Partnering with Decart: The Future of AI-Generated Experiences
A breakthrough in video inference offers a sneak peek at the next frontier.
When Google launched in 1998, more than a dozen other search engines were already live. Yet just two years later, it was the largest in the world. How did Google’s team win? Conventional wisdom tends to focus on PageRank, the algorithm that made their results more relevant than competitors’—and on the site’s minimalist user interface, while others were cluttered with portals and ads.
But perhaps even more significant was the team’s accomplishments on distributed systems and low-level performance optimization. While others were buying up expensive Sun Microsystems servers, Google was figuring out how to squeeze more juice out of the same consumer hardware people had at home. They ended up with an exponential cost advantage—and were able to build a faster, better product.
As a lead Series A investor, Sequoia had a front-row seat to that success. Today, we see the potential for a similar arc in Decart.

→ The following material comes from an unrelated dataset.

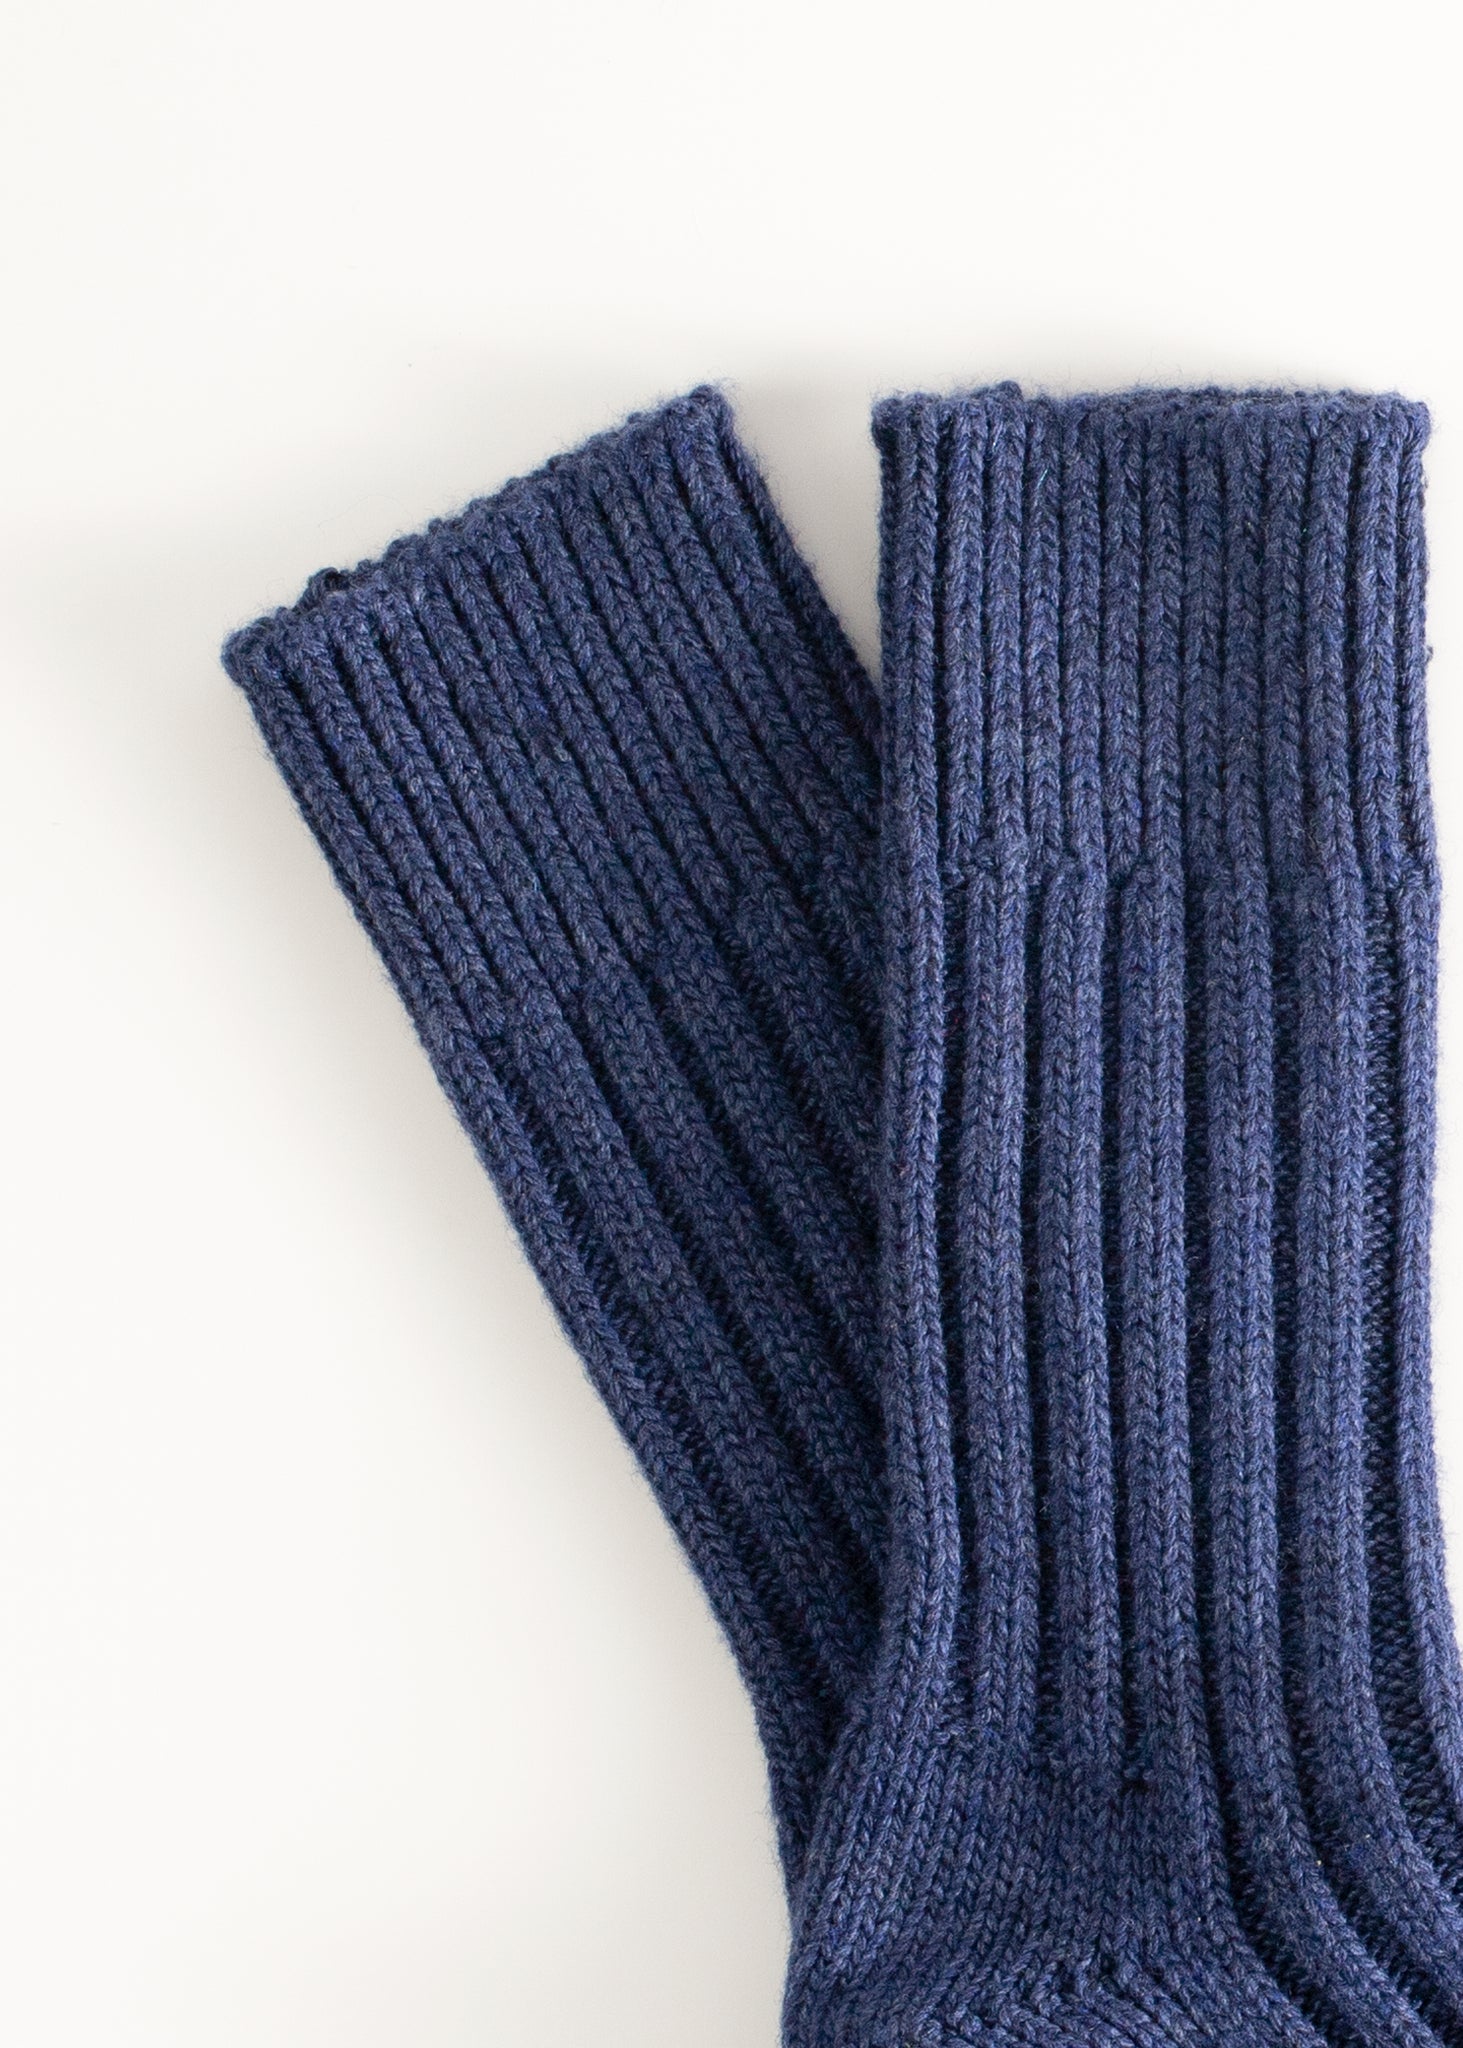 Thunders Love Wool Solid Dark Blue Socks

AI is making it possible for our imaginations to interface with our screens in a way—and with a speed—we’ve never seen before. But today, that potential is still limited by hardware. So last year, Decart co-founders Dean Leitersdorf and Moshe Shalev set out to tackle that problem, and started hacking on training and inference optimization. They quickly improved upon the state of the art, built a platform, and launched a successful enterprise business. And now, like Google before them, they are applying those infrastructure innovations to building delightful AI-generated experiences. Oasis, built on the first real-time inference video model, is just the start.

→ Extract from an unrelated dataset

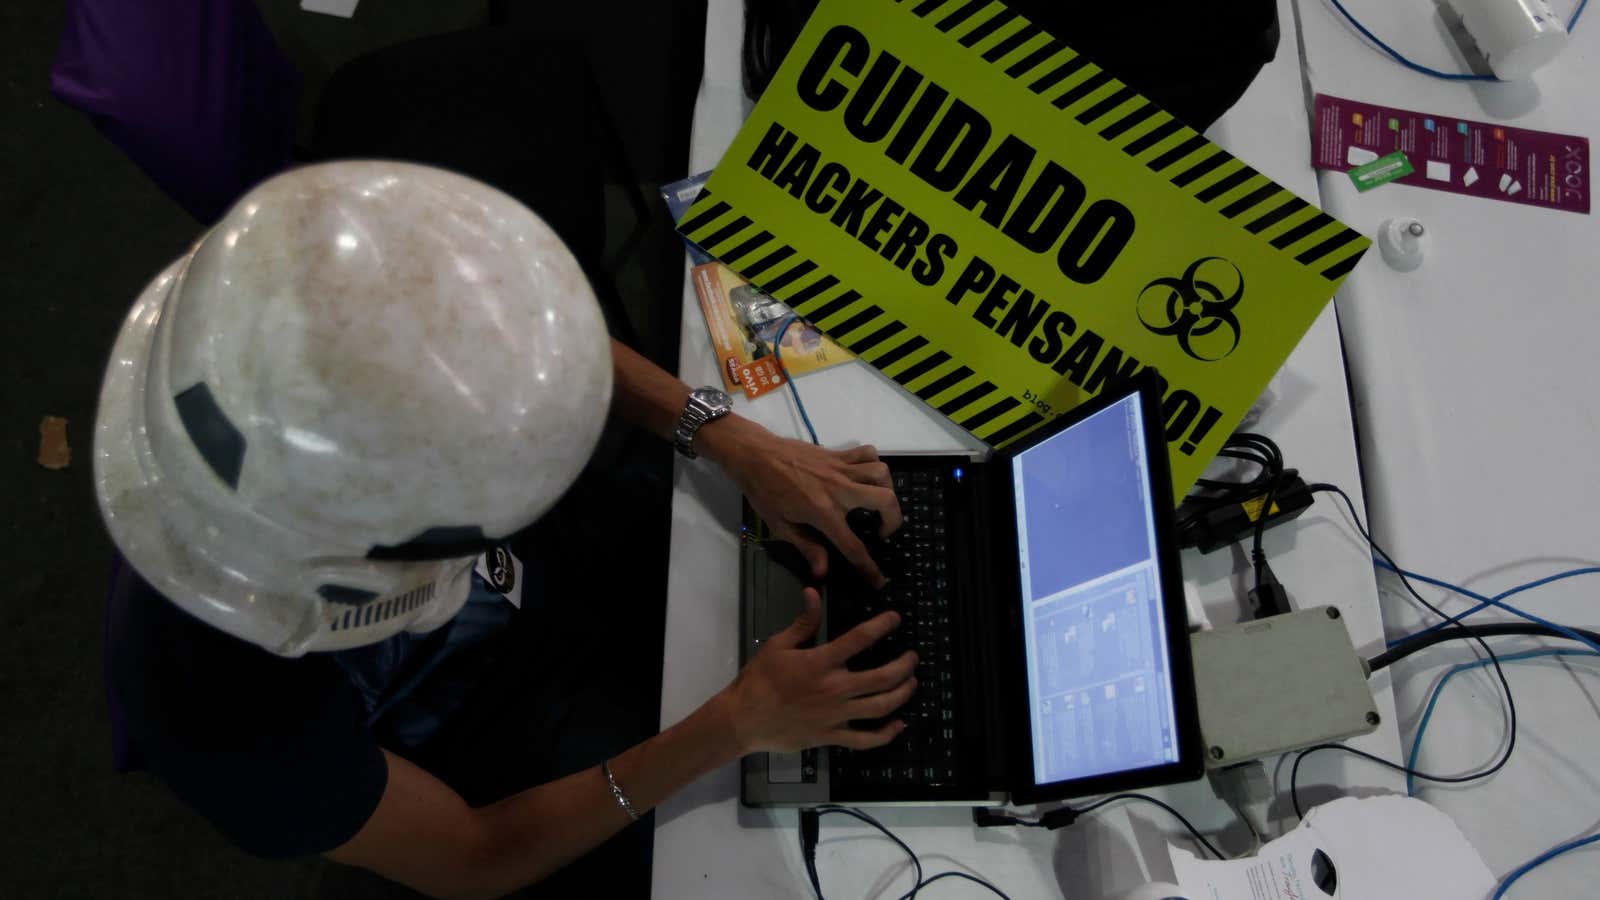 Brazil’s hacking away at internet freedoms.

Decart is one of the most technically gifted teams we’ve ever worked with. While simultaneously serving in the IDF’s elite Unit 8200, he earned his Ph.D. from Technion, Israel’s most prestigious technical university, at just 23 years old. At the Symposium on Principles of Distributed Computing, the world’s leading distributed computing conference, Dean’s thesis won first place.
Moshe, meanwhile, is an outlier in his own right. He served in key positions in Unit 8200, working directly with top leaders on special operations and developing a reputation as a trusted problem-solver and executor who can connect the dots from idea to reality. “Whenever we had an issue we didn’t know how to deal with,” one reference told us, “we called Moshe.” He and Dean worked closely together in the IDF for several years before teaming up on the biggest unsolved challenges in AI.
From our first walk with Dean in the Bay Area, where he spends half his time, to meeting the full team in Tel Aviv, where Decart is based, they have blown us away with their technical depth and novel insights. We are grateful for the opportunity to lead their seed round and support their continued growth.
Today’s launch of Oasis, powered not by a gaming engine but by a single AI model trained on videos, marks a milestone in inference. But as remarkable as it is, it is just a taste of what’s to come. Dean, Moshe, and their team are moving quickly, continuing to innovate on Decart’s infrastructure stack. Just as Google’s team did decades ago, we believe they can unlock even more efficiencies in the months ahead—and with those advances, usher in the next chapter of AI-generated experiences.